Finding a ham hock with which to stew the greens also proved to be challenging. While I can count at least 4-5 butchers around my neighbourhood, every one is a halal butcher. There are a couple of English butchers in Chiswick but I wasn’t going to pass the area in time. Luckily, Morrisons came up trumps with a gammon shank, which worked just as well. Of course, I had no idea what to do with it nor how to prepare it and so trimmed away much of the skin before simmering it. In hindsight, I could have probably skipped this. This shank was hardly salty but if you know yours might be, I’d suggest soaking it overnight before use.
I was starting to feel uneasy when the simmering of the greens was at the 30 minute mark (this whole overcooking greens things goes against almost everything I know as a Chinese person) but I overcame the desire to take them off the heat and let them stew for the entire two hours (Lorna pushes them to three hours!). The reward for this perseverance (if you can call it that) is a deliciously soupy stew of very tender, silky greens. The gammon shank doesn’t just flavour the broth (aka pot likker); there’s plenty of meat on that bone and I shred it and dump it back in with the greens. We had ours with cornbread (a traditional accompaniment but my recipe was horrible – need to rectify this) and meatloaf but I think it would be just as splendid by itself in deep soup bowls with a side of good bread.
Oh, and yes, the irony of eating spring greens in the autumn was not lost on me.
“Collard” Greens with a Gammon Shank
750g spring greens
1 large onion, diced
1 gammon shank
1 tsp dried chili flakes
1 tbsp sunflower oil
In a large stock pot, bring quite a bit of water to the boil and when it’s ready, lower in the gammon shank and simmer for 10 minute to remove any impurities. Drain and set aside the shank.

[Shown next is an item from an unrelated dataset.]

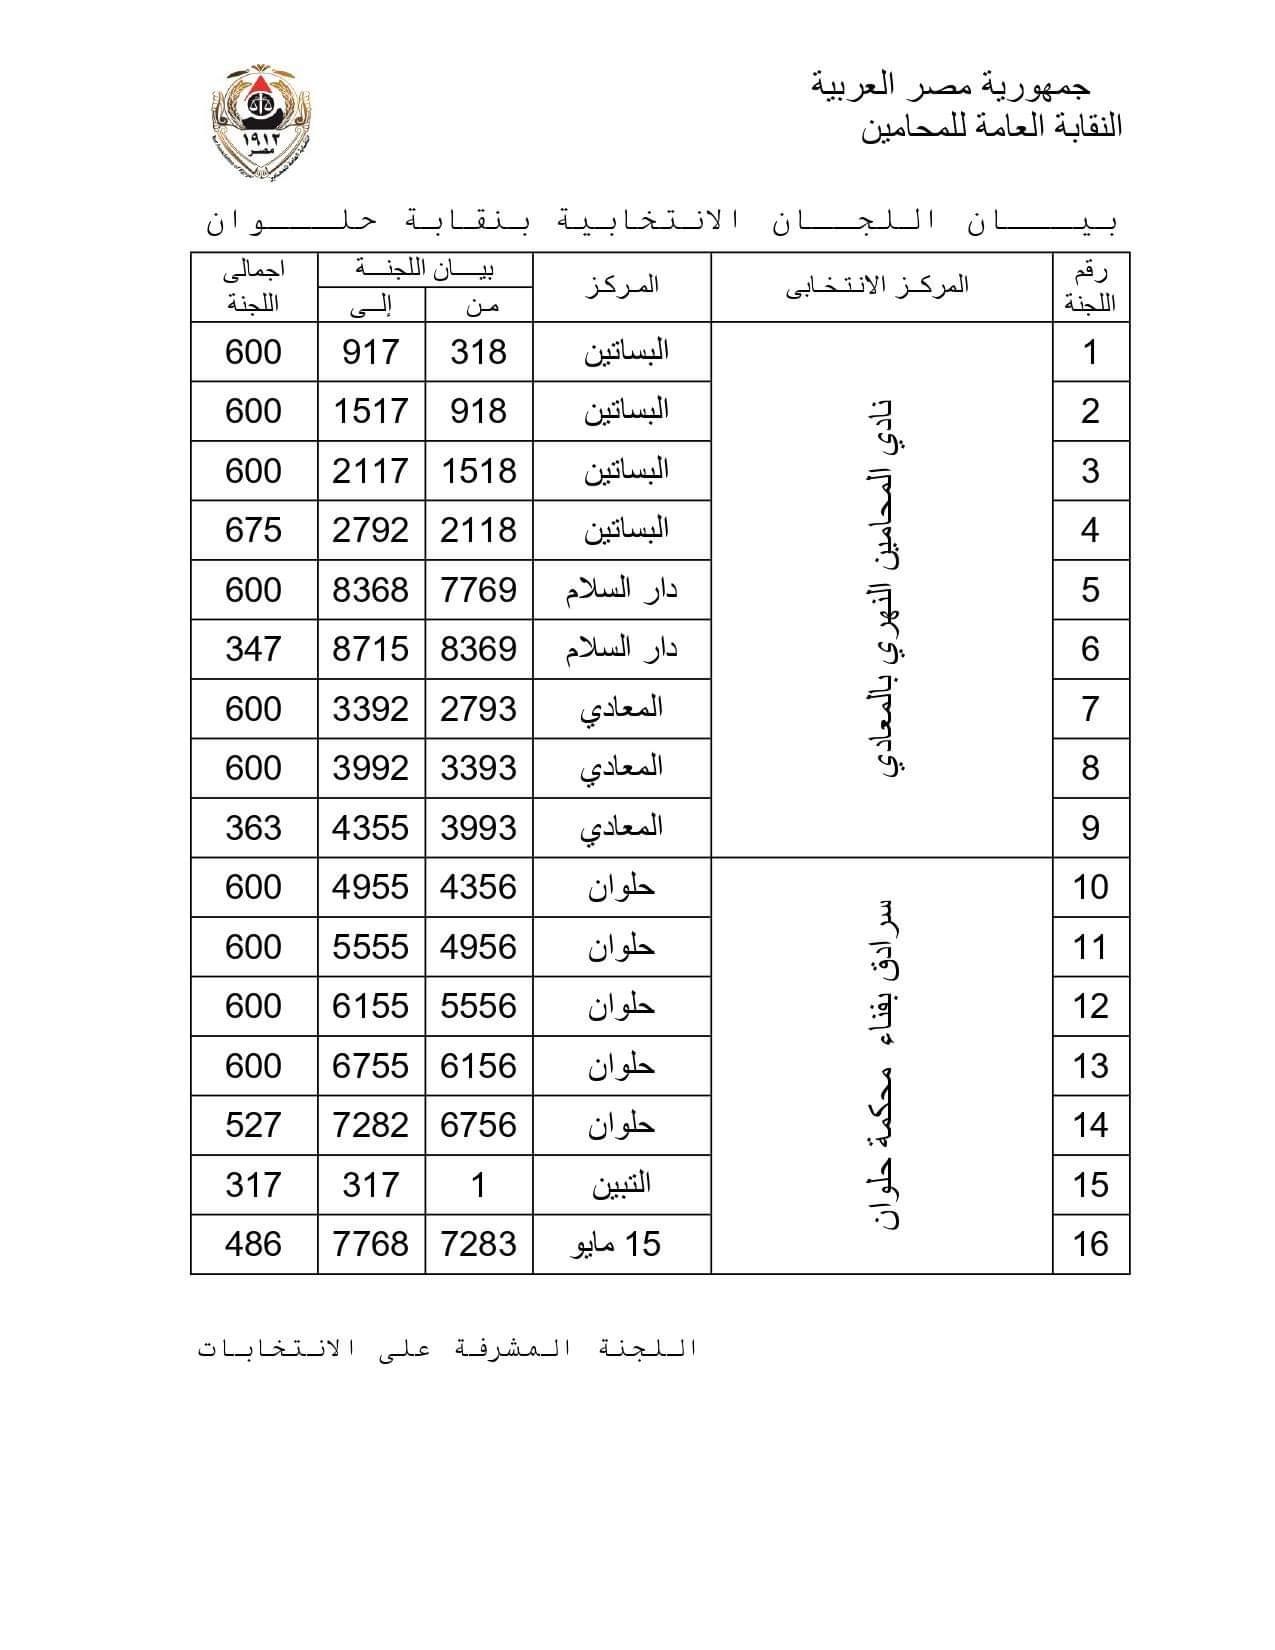 نتيجة المرحلة الأولى فى انتخابات فرعيات المحامين بـ 16 محافظة  (3)

Heat the same (and now empty) large stock pot over medium heat and when hot, pour in the sunflower oil. Throw in the diced onion and dried chili flakes and saute until the onion softens and turns translucent. Return the shank to the pot, allowing it to brown a little on each side.
Pour in enough water to cover the shank and bring the whole pot to the boil. Reduce the heat to keep the water at a simmer and simmer for 30 minutes.
While the shank simmers away in its hot bath, prepare your greens. Separate the leaves from the bunches and wash them thoroughly. Cut or tear away the thick middle stems and then roll bunches of leaves together and slice the rolls into 1-2cm slices. You should be left with a giant pile of strips of spring greens when you’ve finished.
When the 30 minutes of simmering are up, add the greens handful by handful, stirring each preceding handful in until they wilt into the liquid before adding the next. They should just about fit. If not, top up with a little additional water. Bring the whole pot back to the boil and then again leave to simmer half covered for anywhere from one hour to three hours, depending on how soft you like your greens. I left mine for two hours.
When your greens are almost finished, fish out the gammon shank and let it cool. When it’s cool enough to handle, shred the meat off the bones and toss it back in with the greens. You don’t have to do this if you don’t feel like it or you could only add part of the meat (mine had so much and so I only added half of it back and saved the rest for later). Taste the broth for salt and add as required.
Serve in bowls with plenty of the pot-likker and eat with bread or cornbread and chilli vinegar (I had Tabasco) on the side.